TASK DESCRIPTION:
Go through the data below and repeat it exactly, skipping each picture.

THE DATA:
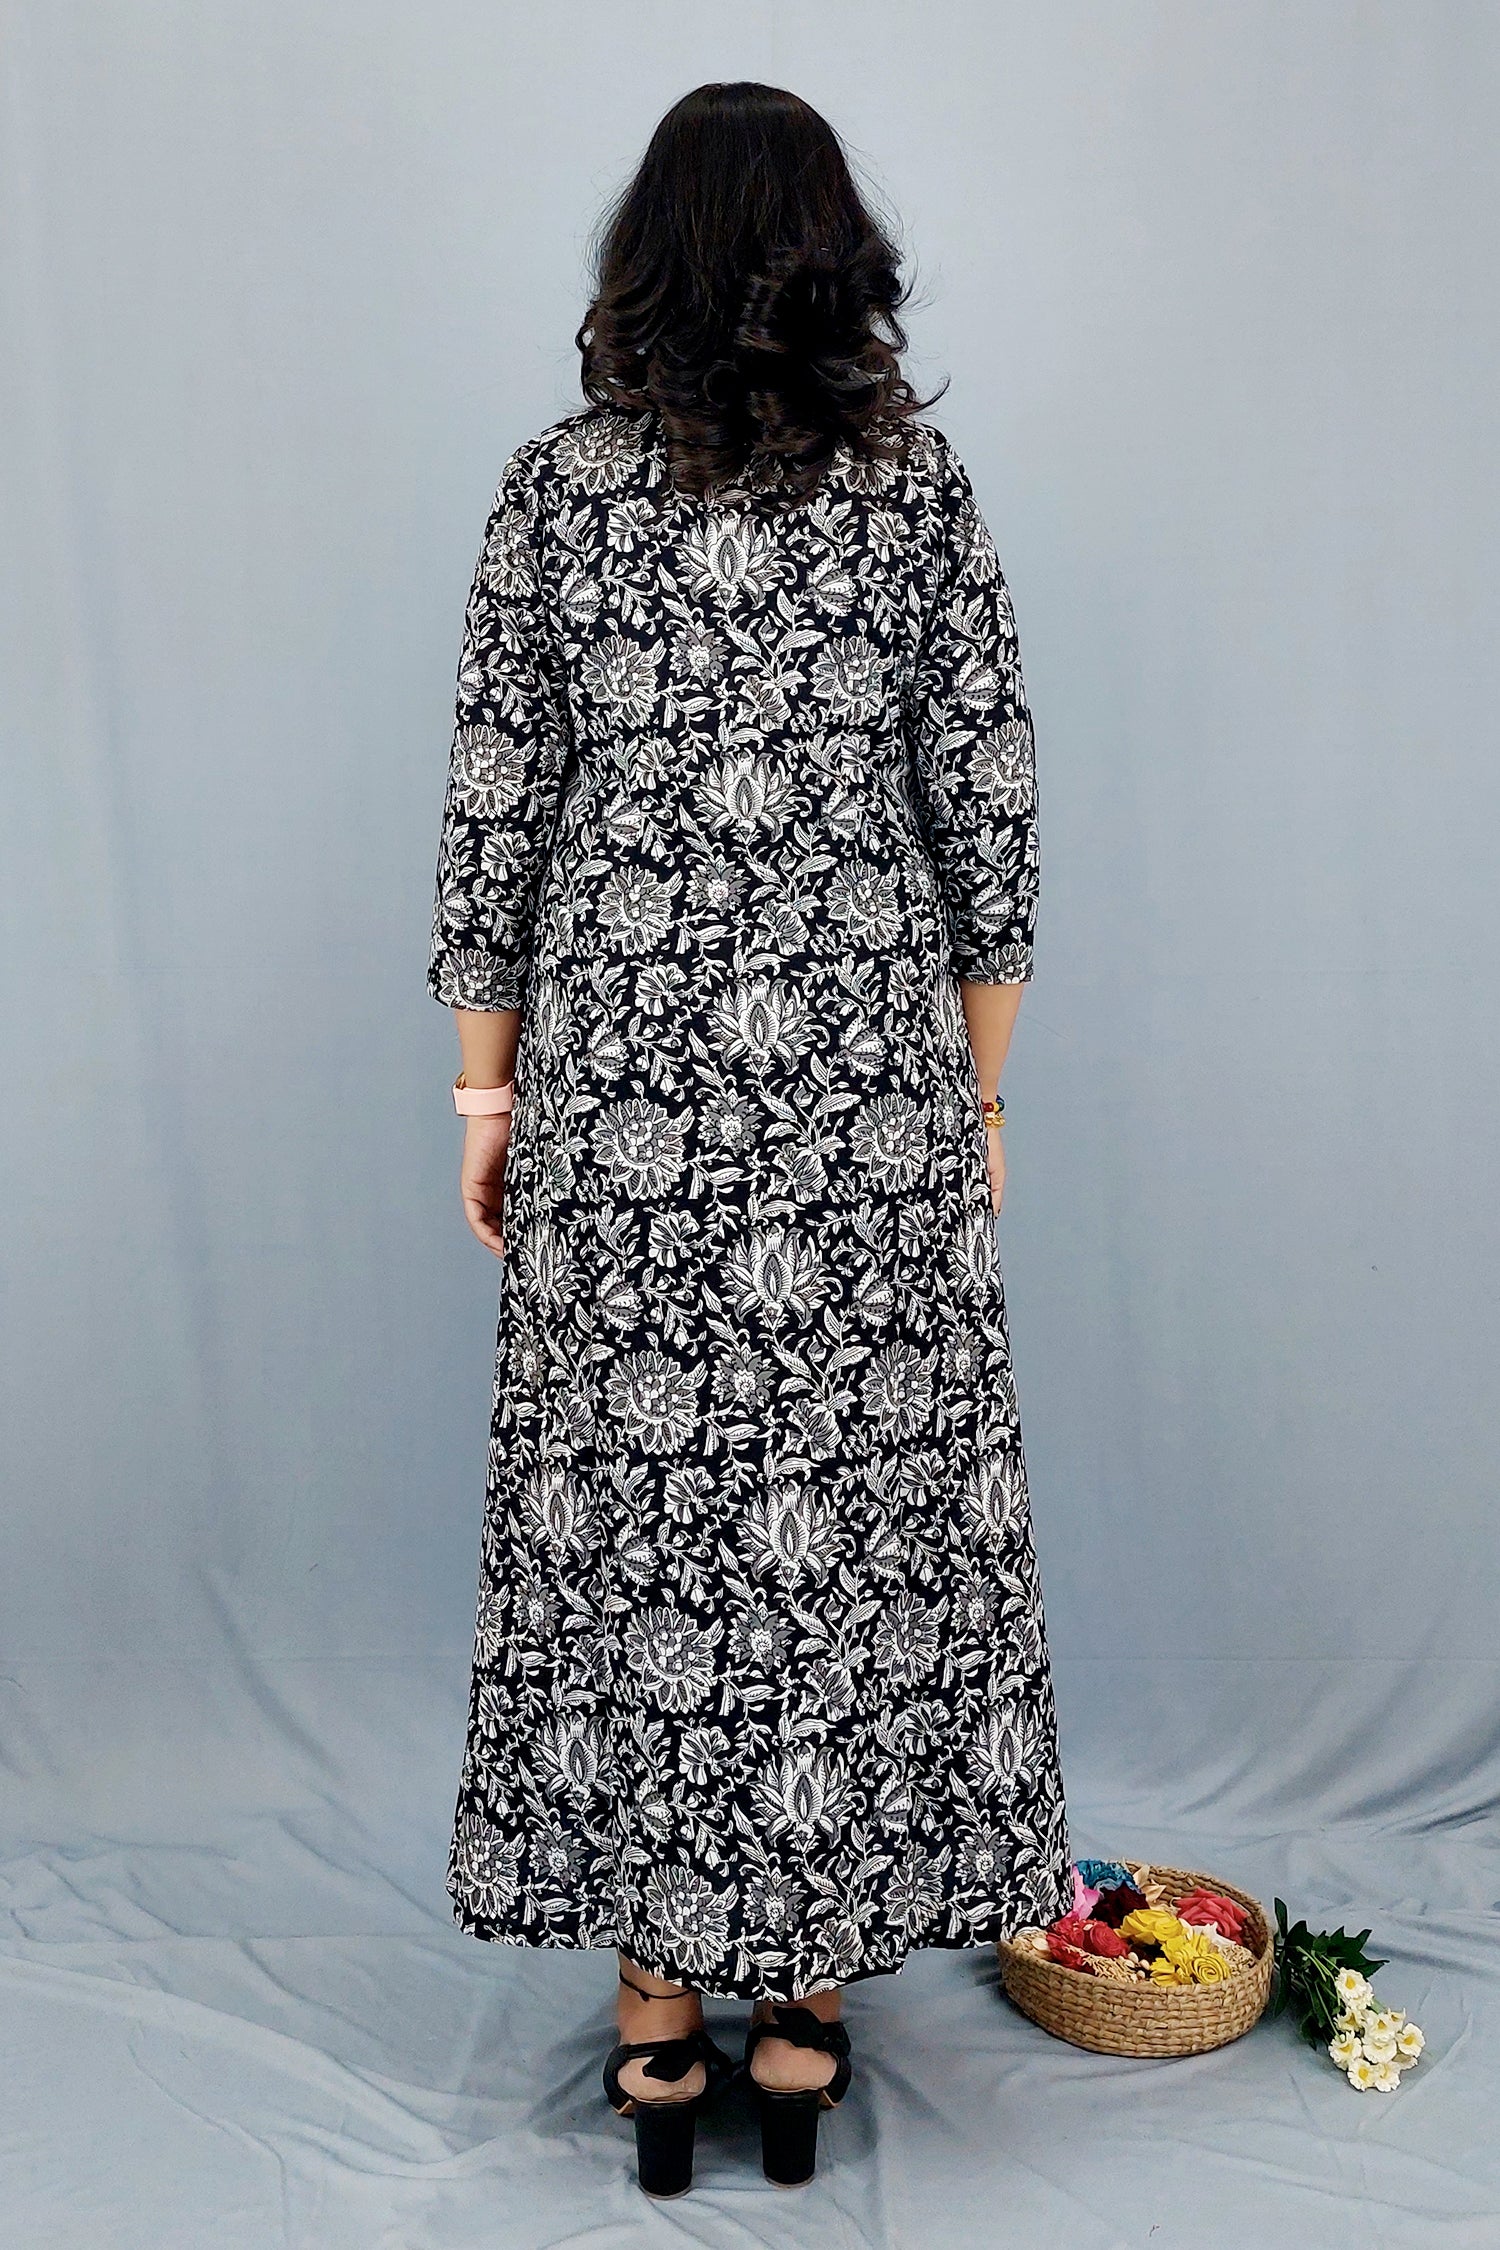 Dress cum Kurta with Printed Cotton Shrug- Set of 2 Dress Dress cum Kurta with Printed Cotton Shrug- Set of 2 Dress 
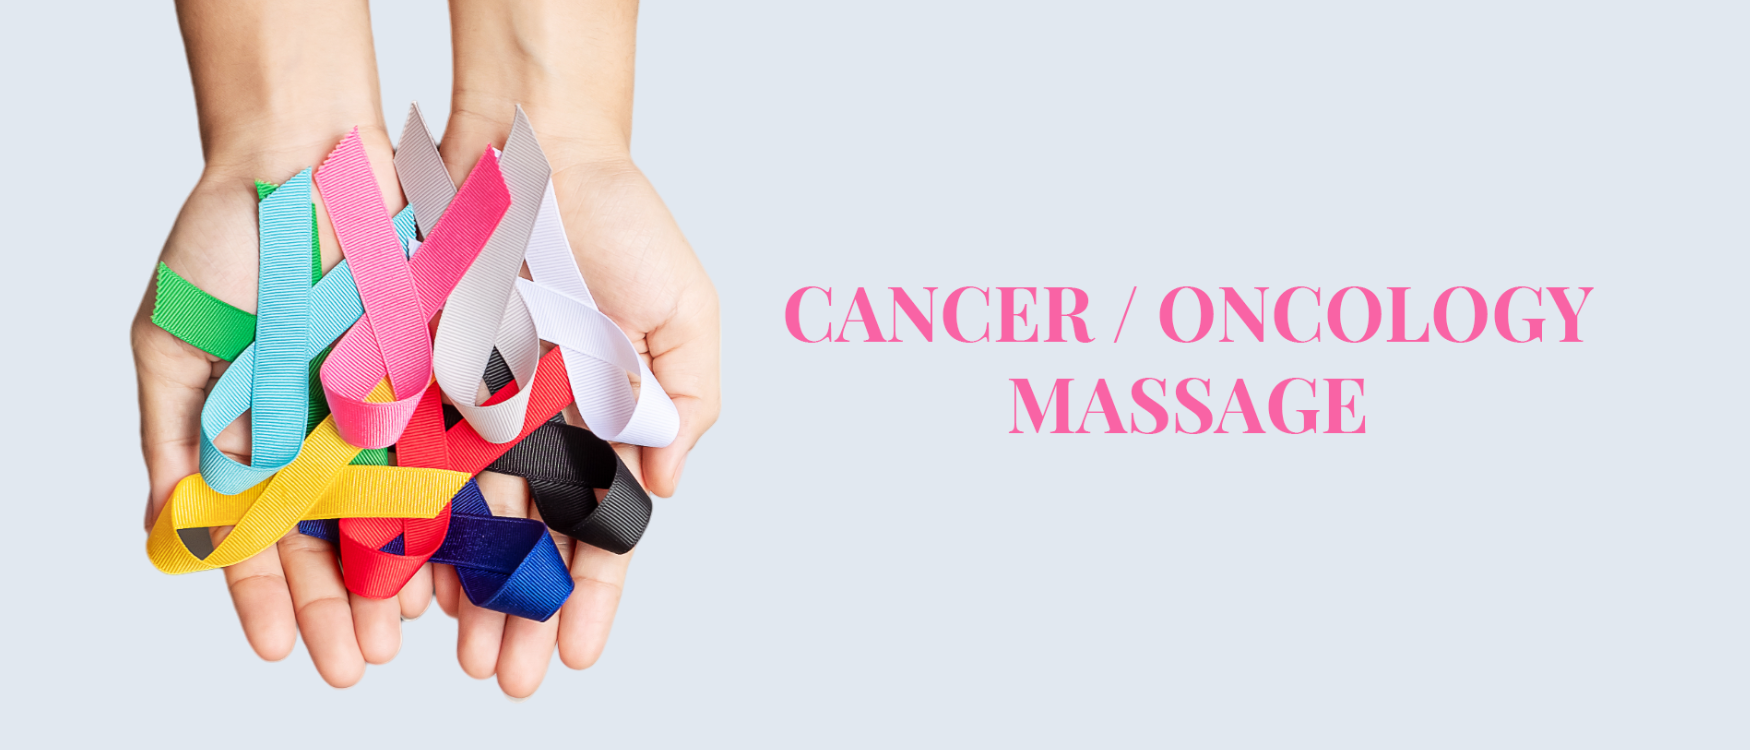 Cancer massage ribbons banner image
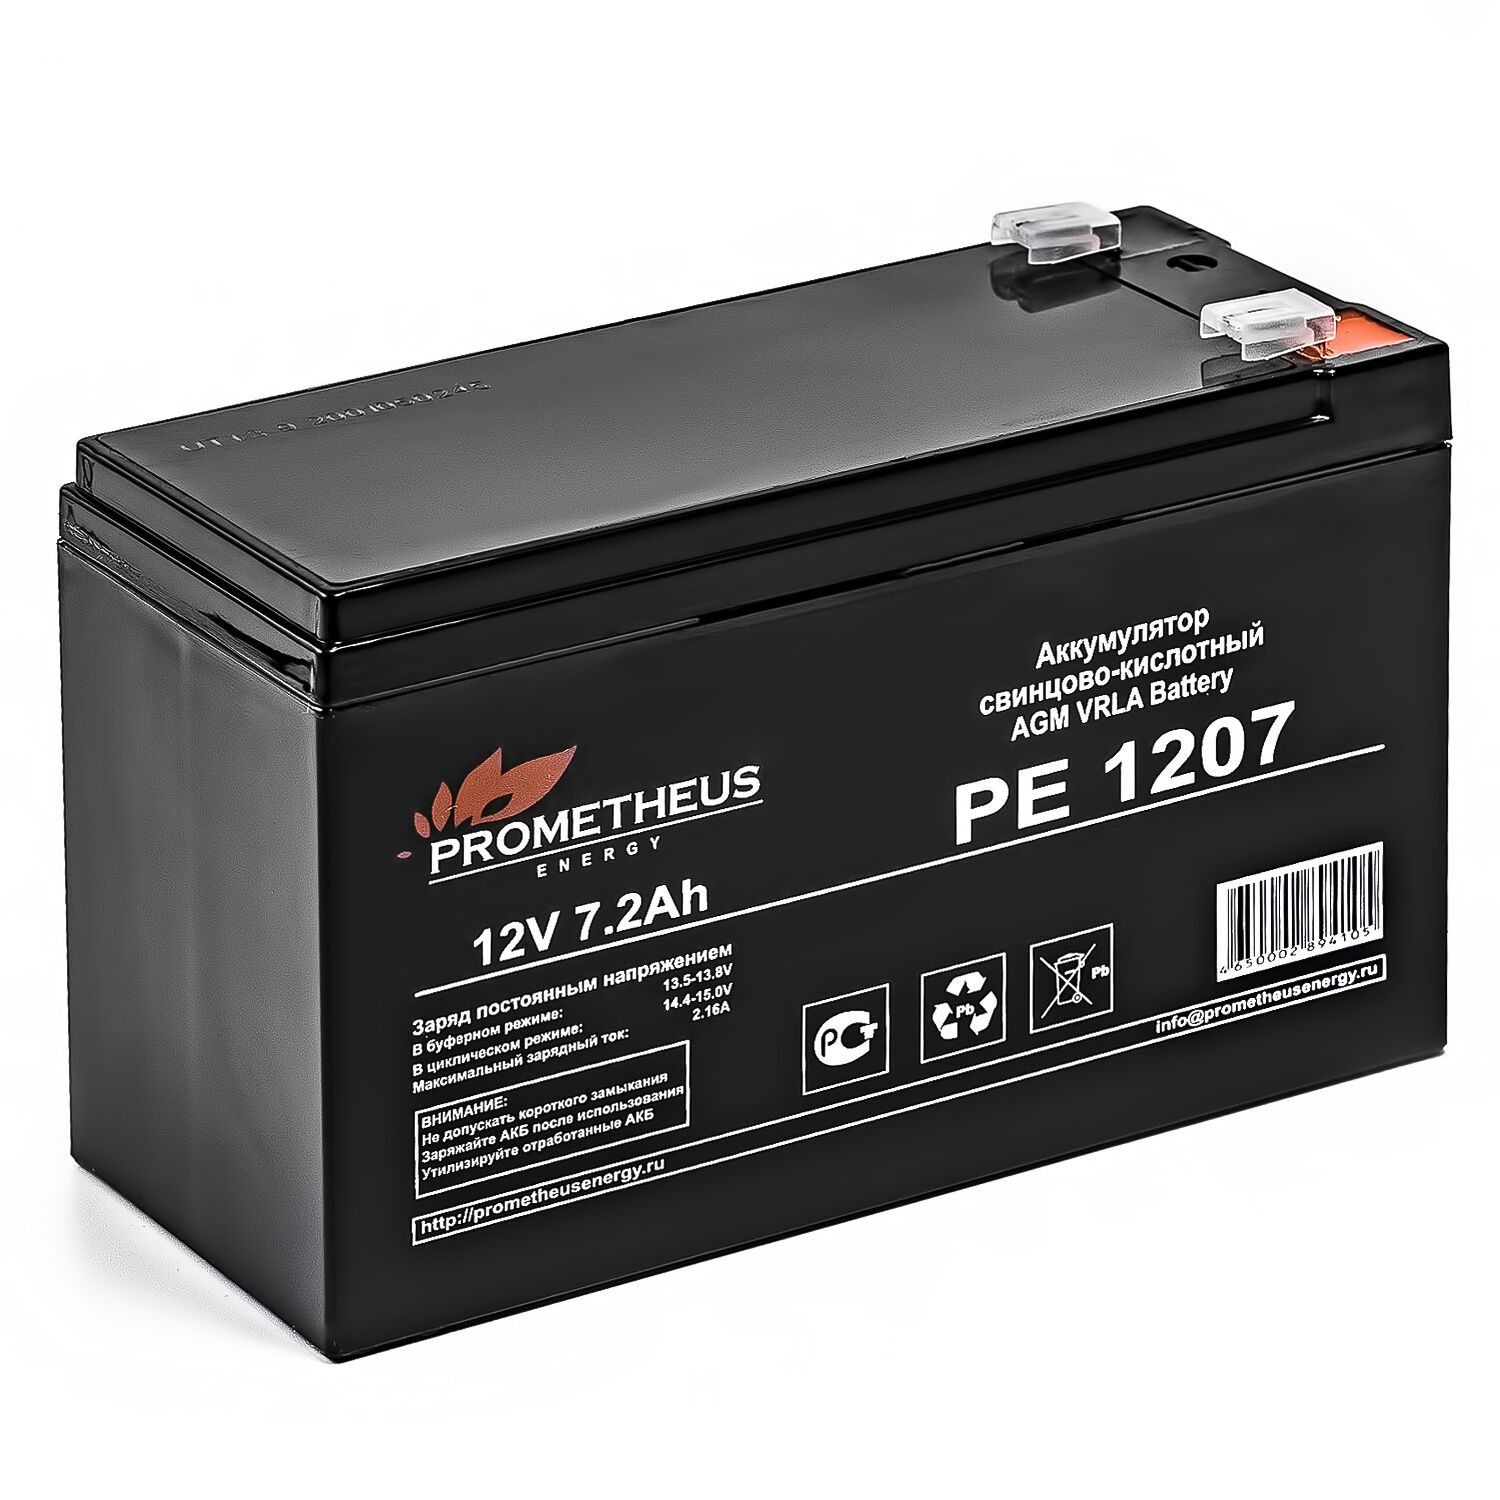 Аккумулятор свинцово-кислотный PE 1207 12V 7.2Ah

YOUR RESPONSE:
 Dress cum Kurta with Printed Cotton Shrug- Set of 2 Dress Dress cum Kurta with Printed Cotton Shrug- Set of 2 Dress 
 Cancer massage ribbons banner image
 Аккумулятор свинцово-кислотный PE 1207 12V 7.2Ah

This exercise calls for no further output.